Comment 30 Steven Bosscher 2010-01-03 22:57:39 UTC
With the following compiler:
$ ./xgcc --version
xgcc (GCC) 4.5.0 20091228 (experimental) [trunk revision 155486]
Copyright (C) 2009 Free Software Foundation, Inc.
This is free software; see the source for copying conditions.  There is NO
warranty; not even for MERCHANTABILITY or FITNESS FOR A PARTICULAR PURPOSE.

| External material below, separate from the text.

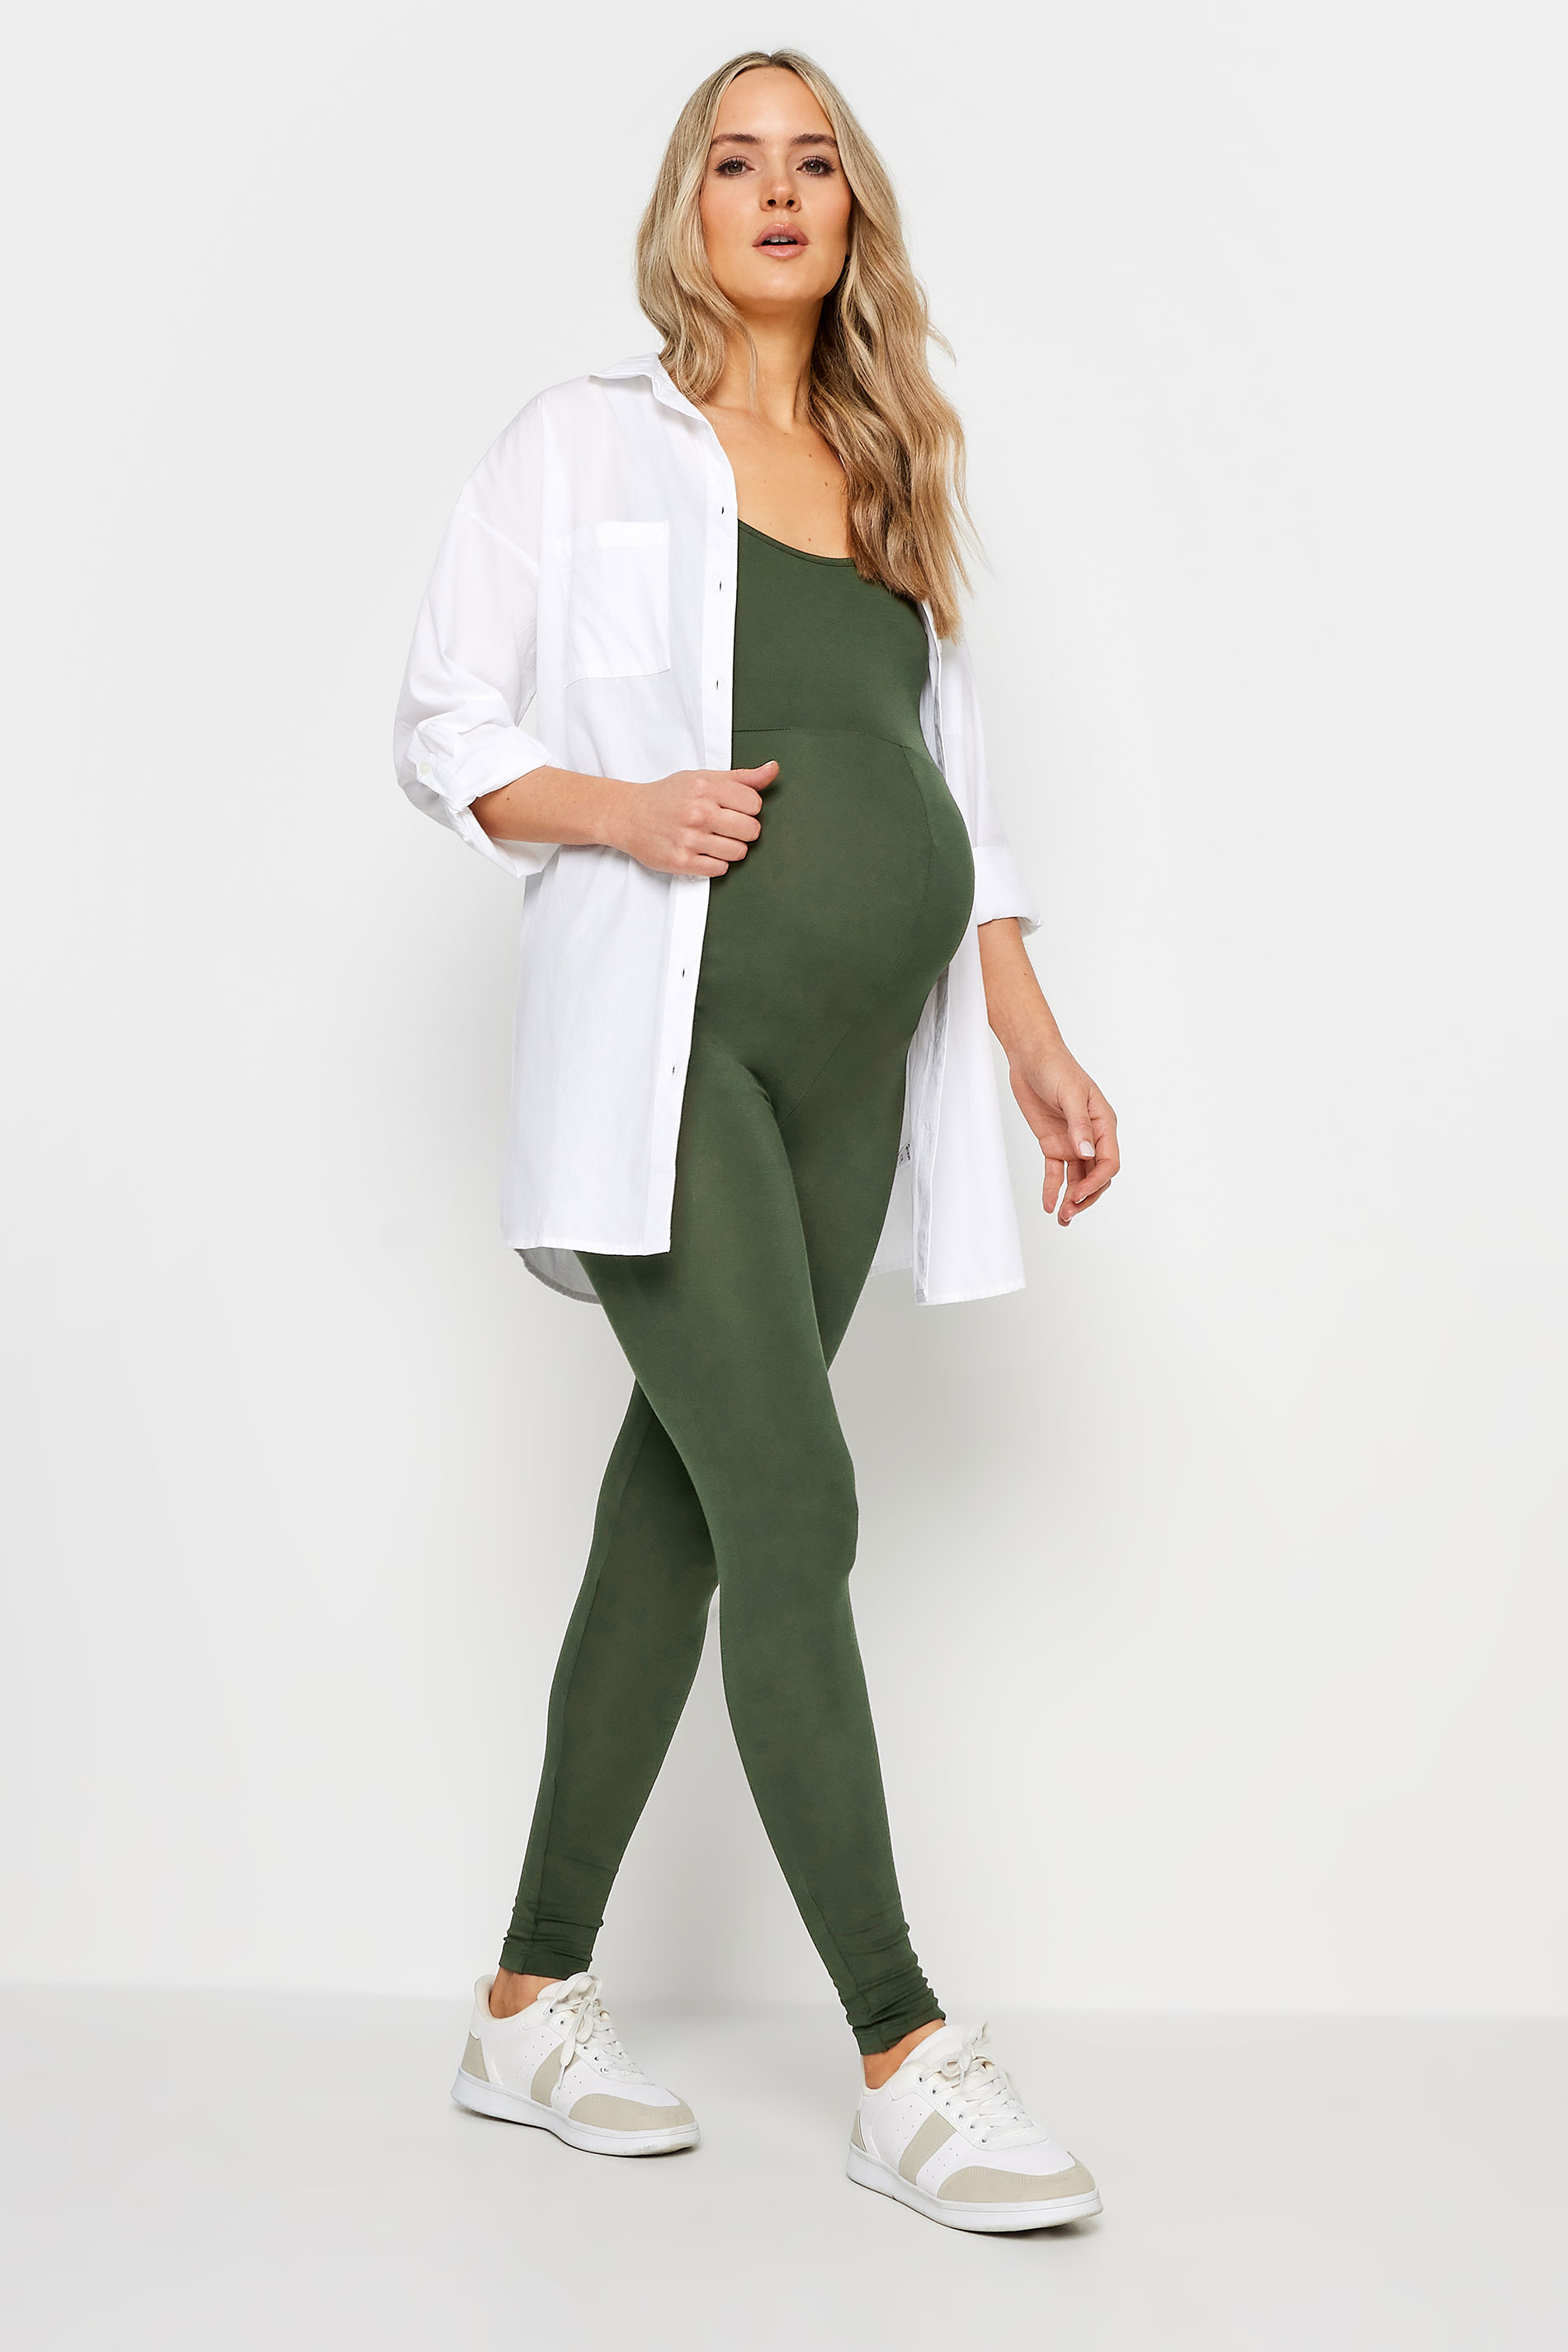 LTS Tall Women's Maternity Khaki Green Sleeveless Unitard Jumpsuit | Long Tall Sally 2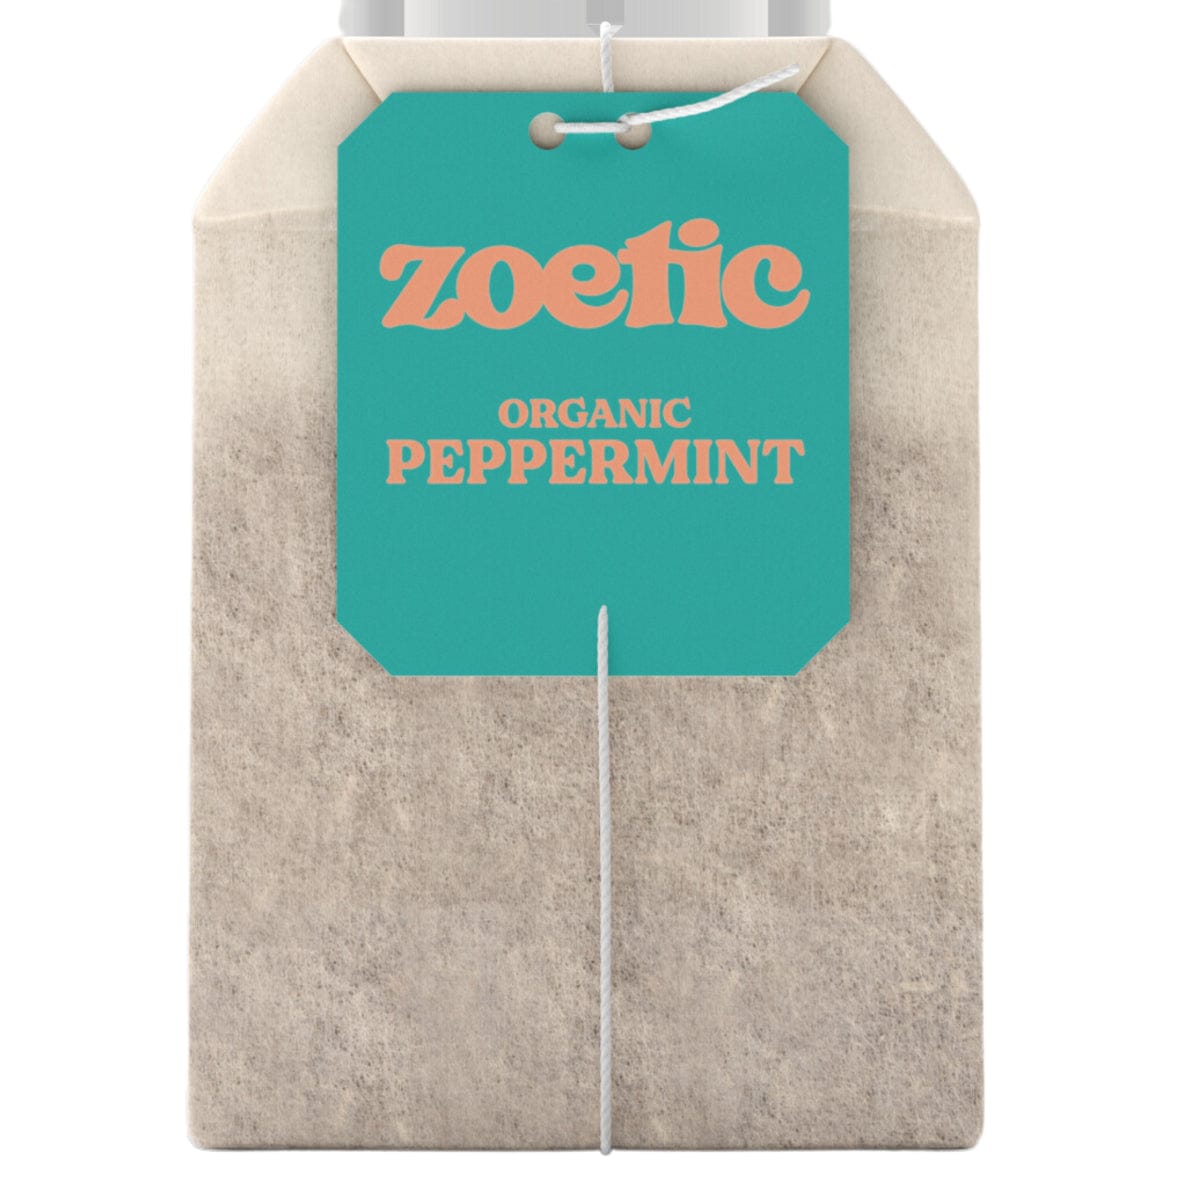 Zoetic Organic Peppermint - 25 Tea Bags

I get the following size with -m32 for the test case of comment #0:
$ ./xgcc -B. -c t.c -m32 -Os -fno-ivopts -o tOsi.o
$ ./xgcc -B. -c t.c -m32 -Os -o tOs.o
$ size tOs*
   text	   data	    bss	    dec	    hex	filename
     45	      0	      0	     45	     2d	tOsi.o
     42	      0	      0	     42	     2a	tOs.o
$ 


And I get the following size with -m64:
$ ./xgcc -B. -c t.c -Os -o tOs.o
$ ./xgcc -B. -c t.c -Os -fno-ivopts -o tOsi.o
$ size tOs*
   text	   data	    bss	    dec	    hex	filename
     78	      0	      0	     78	     4e	tOsi.o
     89	      0	      0	     89	     59	tOs.o
$ 


This is, therefore, fixed on the trunk for GCC 4.5.
Comment 31 Richard Biener 2010-01-03 23:14:41 UTC
Heh.  I wonder how we can reliably add testcases for code size issues ...
can we either dump size estimates or extract object .text section sizes?
Ian may know arm people who I suspect would be interested in contributing
infrastructure for this.
Comment 32 Richard Biener 2010-05-22 18:10:05 UTC
GCC 4.3.5 is being released, adjusting target milestone.
Comment 33 Richard Biener 2011-06-27 12:12:39 UTC
4.3 branch is being closed, moving to 4.4.7 target.
Comment 34 Jakub Jelinek 2012-03-13 12:58:35 UTC
Fixed in 4.5+, 4.4 is no longer supported.